Are AGMs mandatory for private companies?
AGMs are mandatory for public companies in most jurisdictions, but the rules for private companies vary. Some countries allow private companies to waive AGMs if all shareholders agree, while others still require them under specific conditions. It is important to check local regulations and the company’s governing documents.
What is an AGM agenda?
An AGM agenda is a structured outline of topics to be covered during the meeting. It typically includes financial reports, director elections, shareholder resolutions, and other required disclosures. A clear agenda helps keep the meeting organized and ensures all legal and governance requirements are addressed.
What decisions are made at an AGM?
Decisions at an AGM usually include approving the annual report and financial statements, electing or re-electing board members, and voting on shareholder resolutions. In some cases, decisions may also involve executive compensation, dividend approvals, or other governance matters depending on the company.

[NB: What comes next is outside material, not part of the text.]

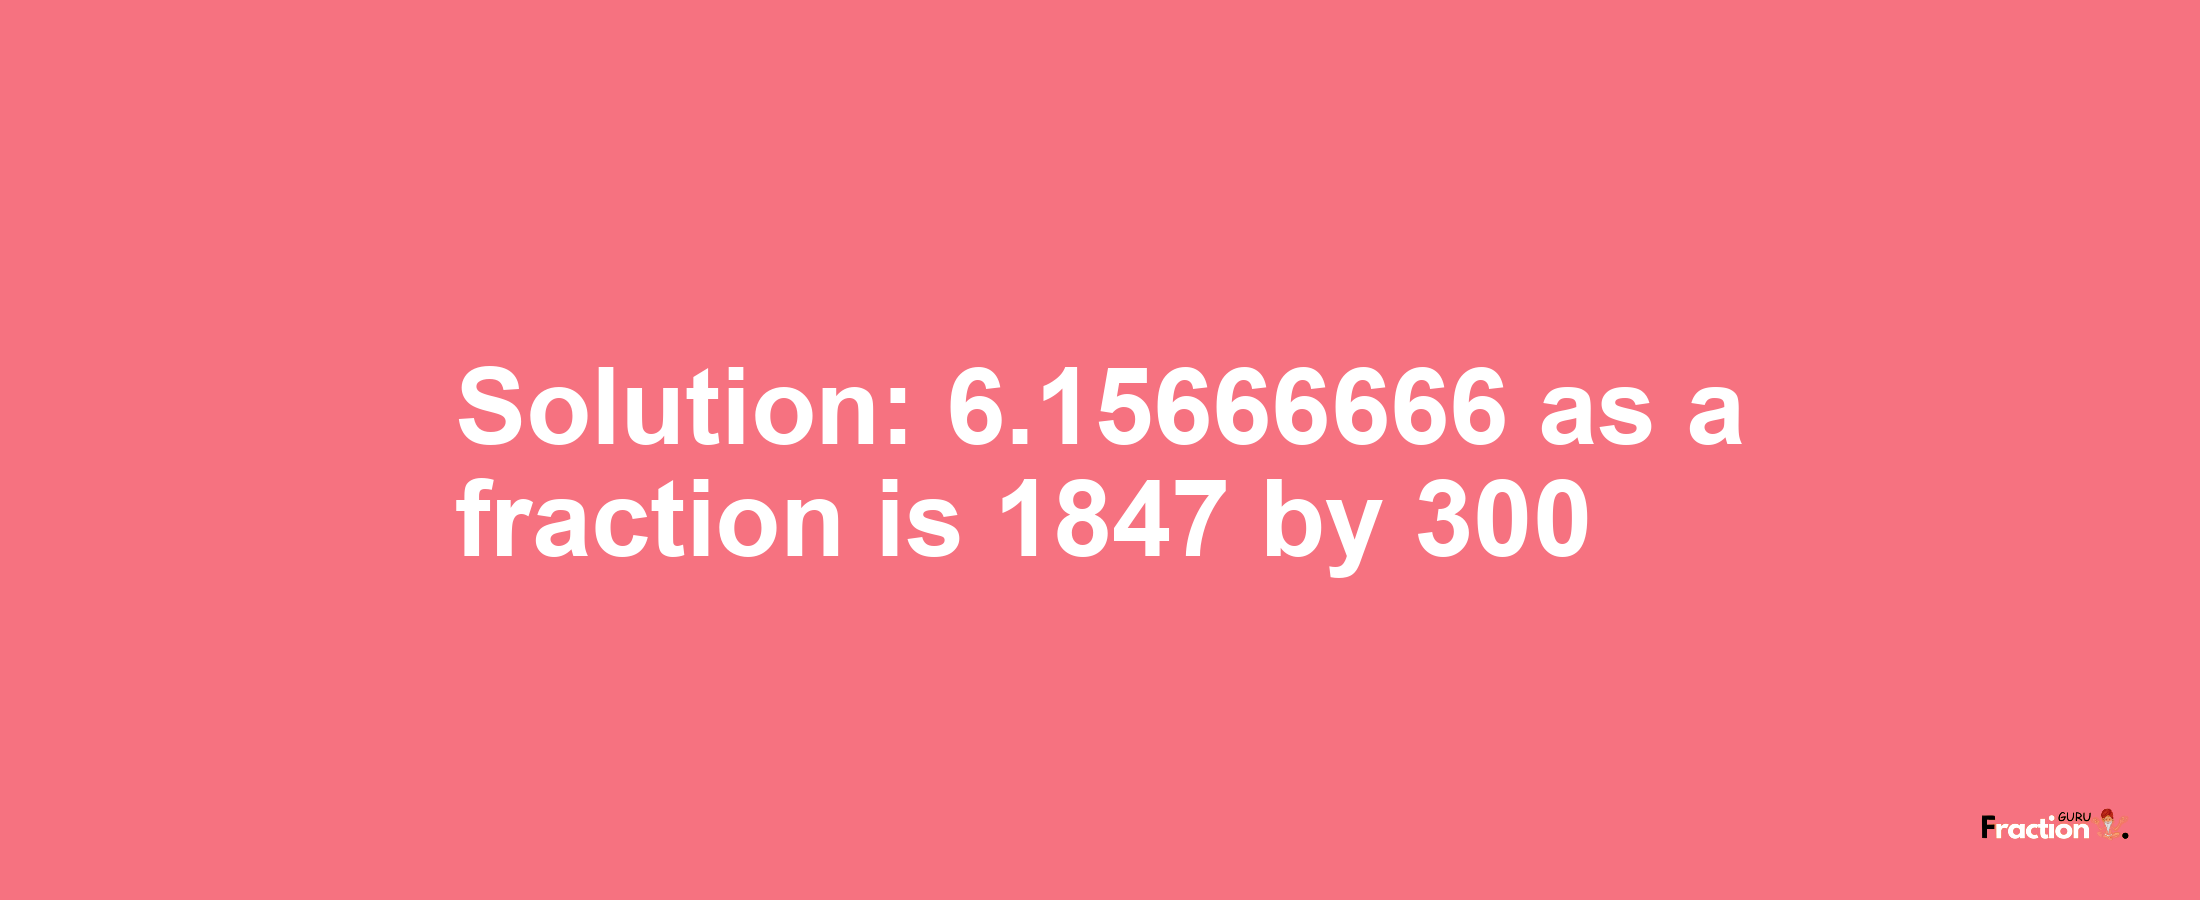 Solution:6.15666666 as a fraction is 1847/300

How long does an AGM typically last?
The length of an AGM can vary widely depending on the size of the company and the complexity of the agenda. Smaller companies may complete their meeting in 30 to 60 minutes, while large public companies with shareholder questions and multiple resolutions can take several hours.
What happens if a company doesn't hold an AGM?
Failing to hold an AGM when required can lead to legal and financial consequences. Companies may face regulatory penalties, fines, or enforcement actions. In some cases, shareholders can take legal action or demand a meeting, especially if governance or financial transparency is affected.
Can shareholders vote without attending an AGM?
Yes, shareholders can usually vote without attending by using proxy voting. This allows them to authorize another person, often the company’s proxy or a representative, to vote on their behalf. Proxy voting ensures participation even when shareholders cannot attend in person or virtually.